• **Exercise details**: Could you repeat the listing below exactly while leaving its pictures behind?

• **Dataset section**:

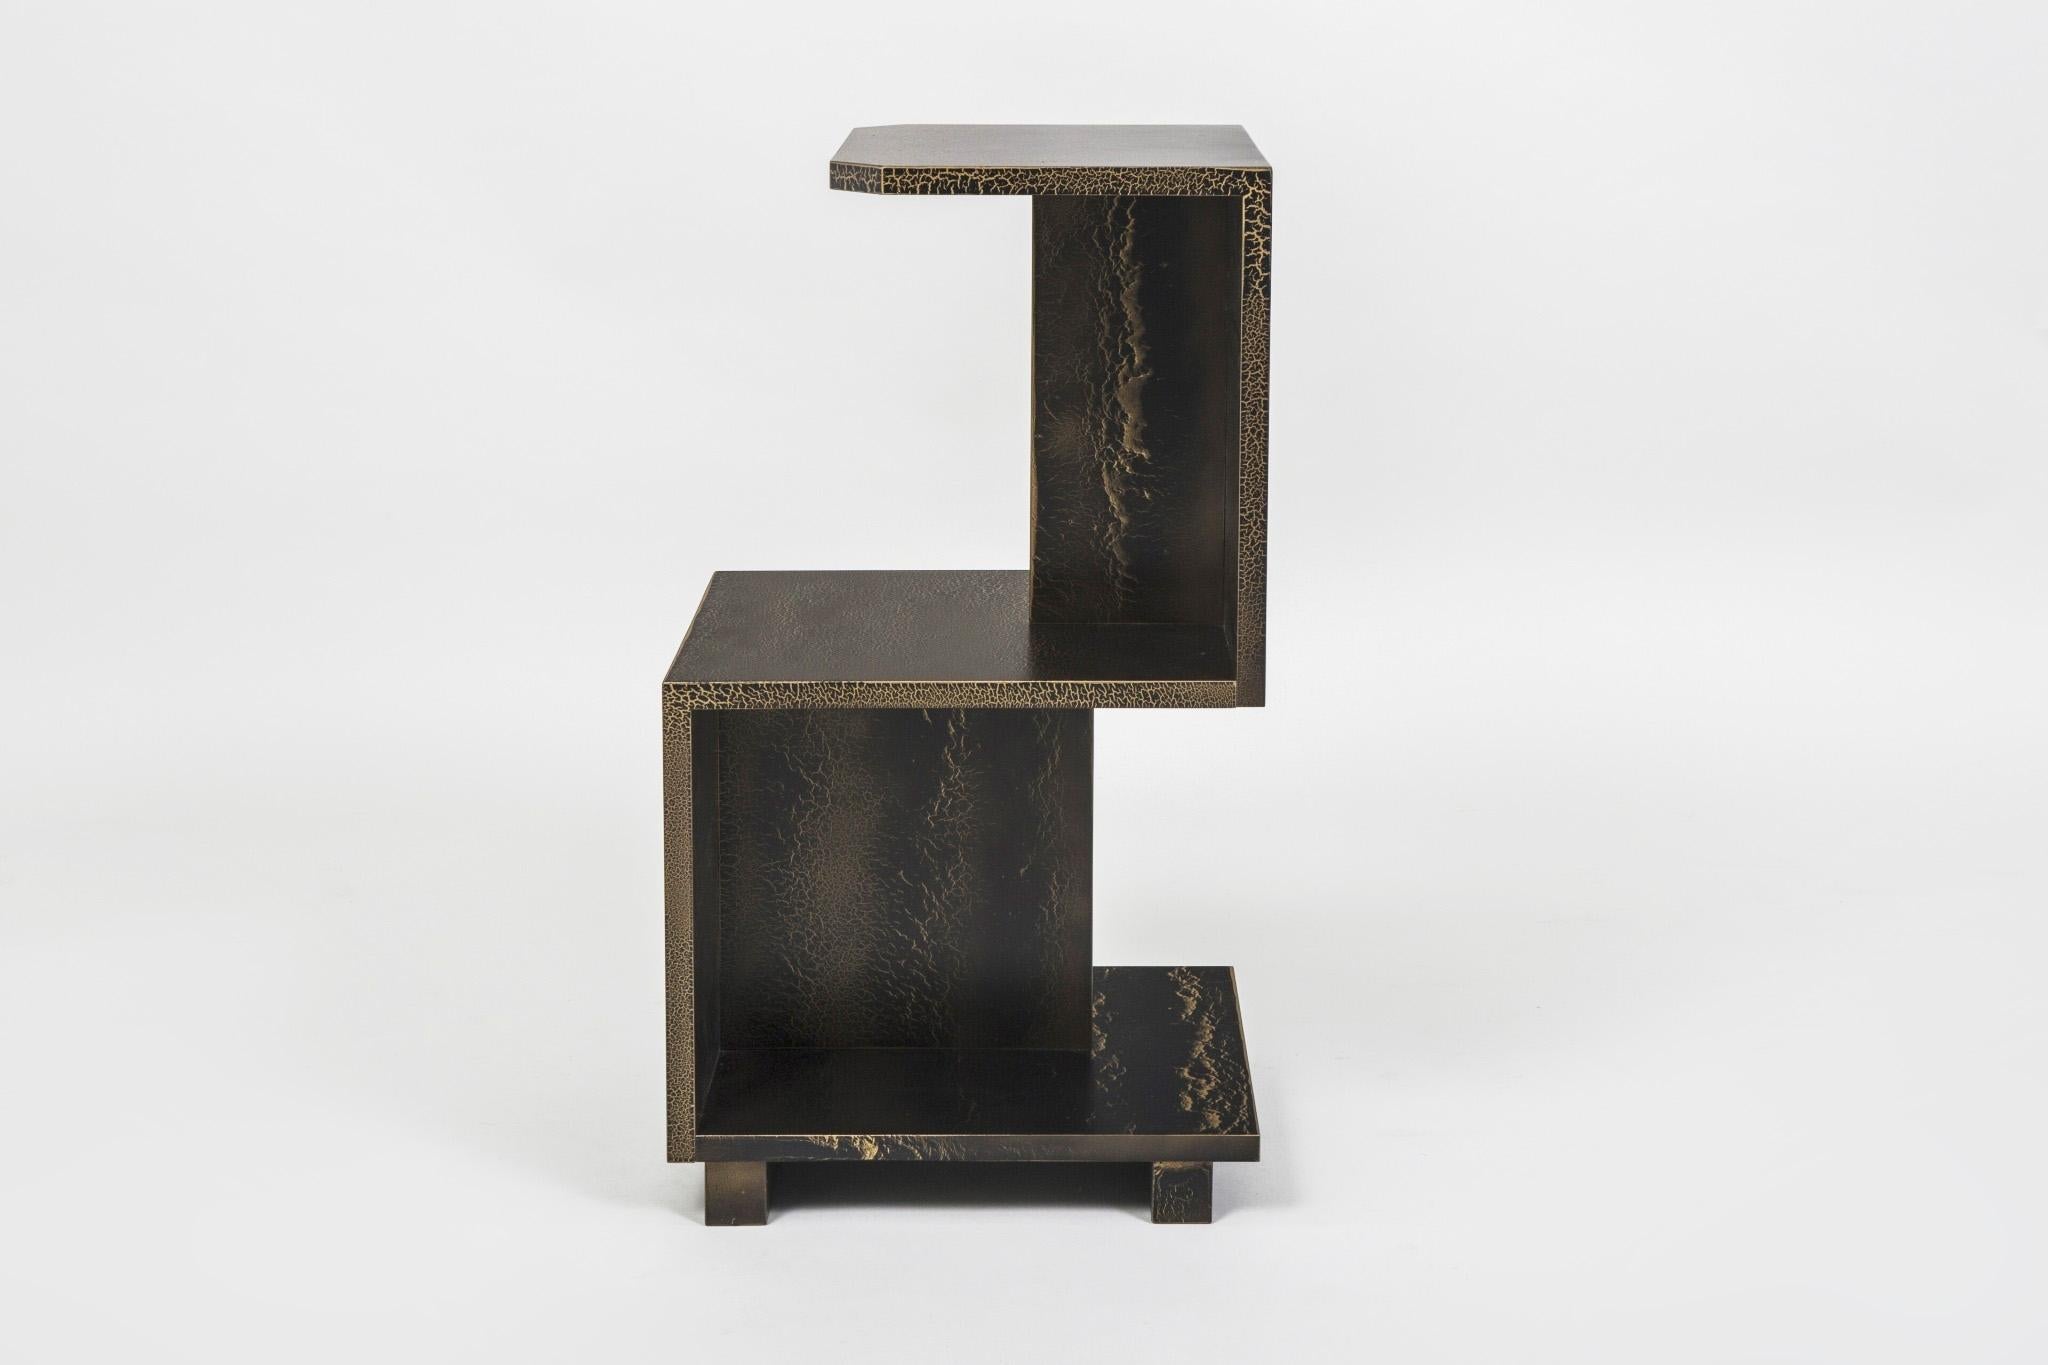 French Art Deco Designer Table, Replica of Louis Majorelle Design In Good Condition For Sale In Horomerice, CZ
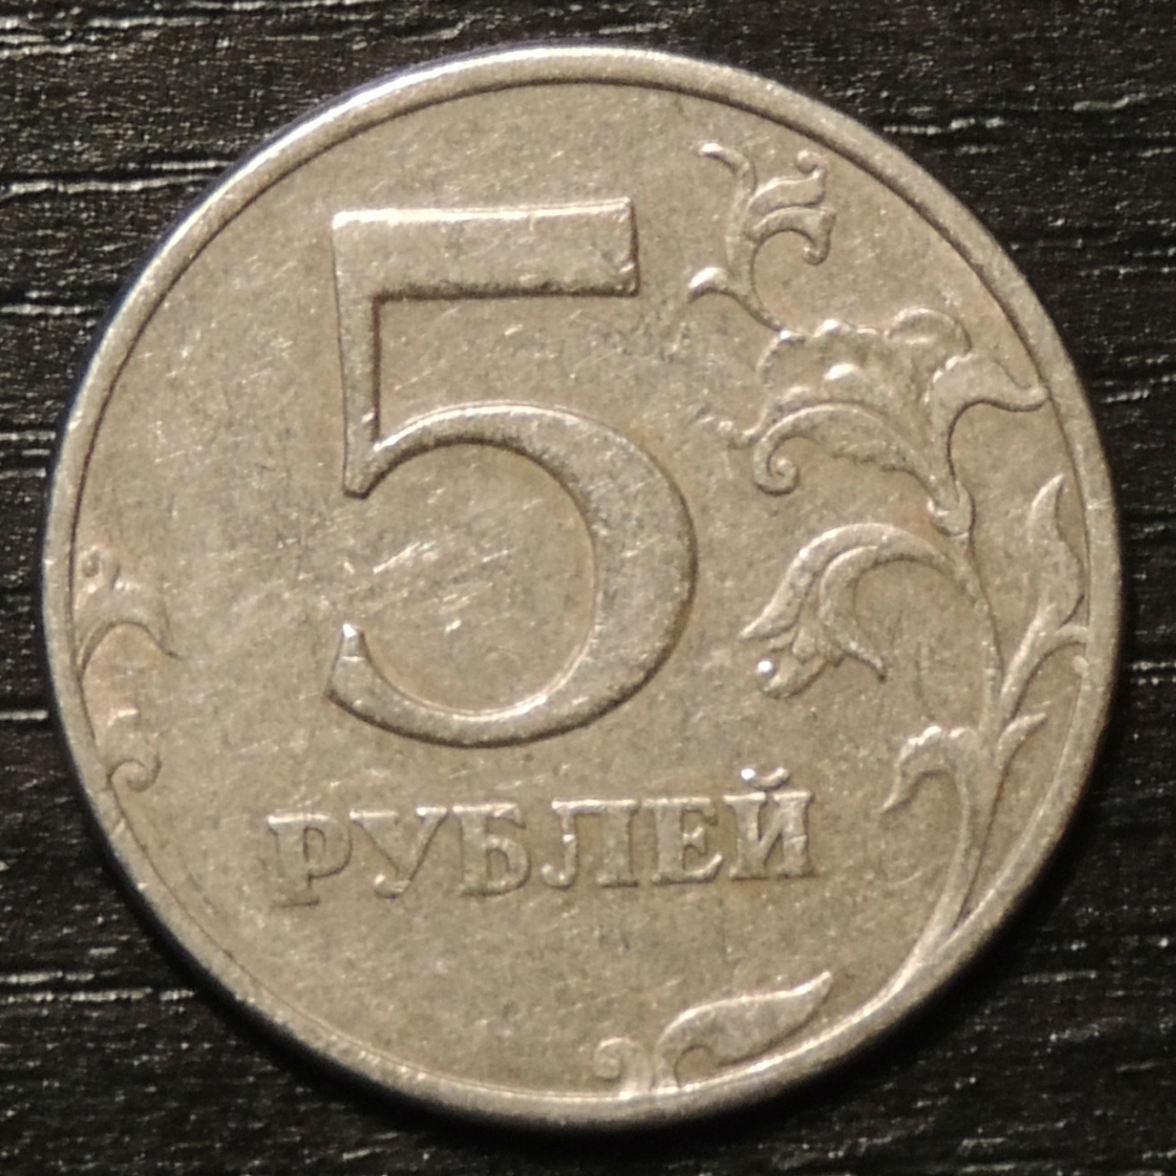 48 5 в рублях. 5 Рублей 1998 СПМД. Пять рублей СПМД 1998. 5 Рублей 1993 года. Монета 5 рублей.
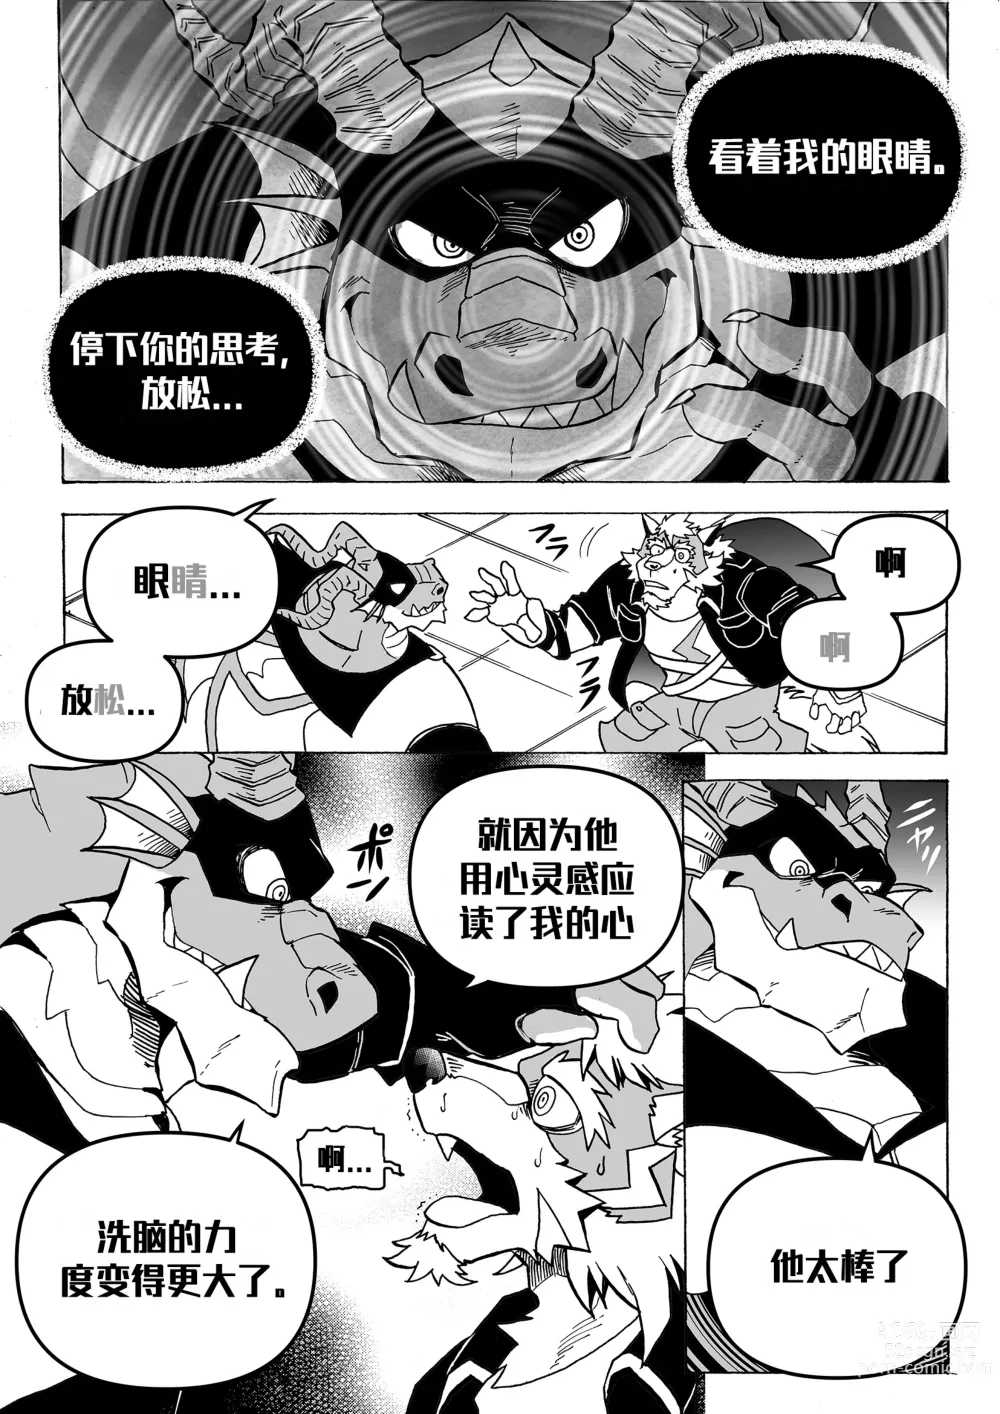 Page 6 of doujinshi 直至读心英雄恶堕为止『簡中翻訳』

• **Exercise response**:
 French Art Deco Designer Table, Replica of Louis Majorelle Design In Good Condition For Sale In Horomerice, CZ
 48 5 в рублях. 5 Рублей 1998 СПМД. Пять рублей СПМД 1998. 5 Рублей 1993 года. Монета 5 рублей.
 Page 6 of doujinshi 直至读心英雄恶堕为止『簡中翻訳』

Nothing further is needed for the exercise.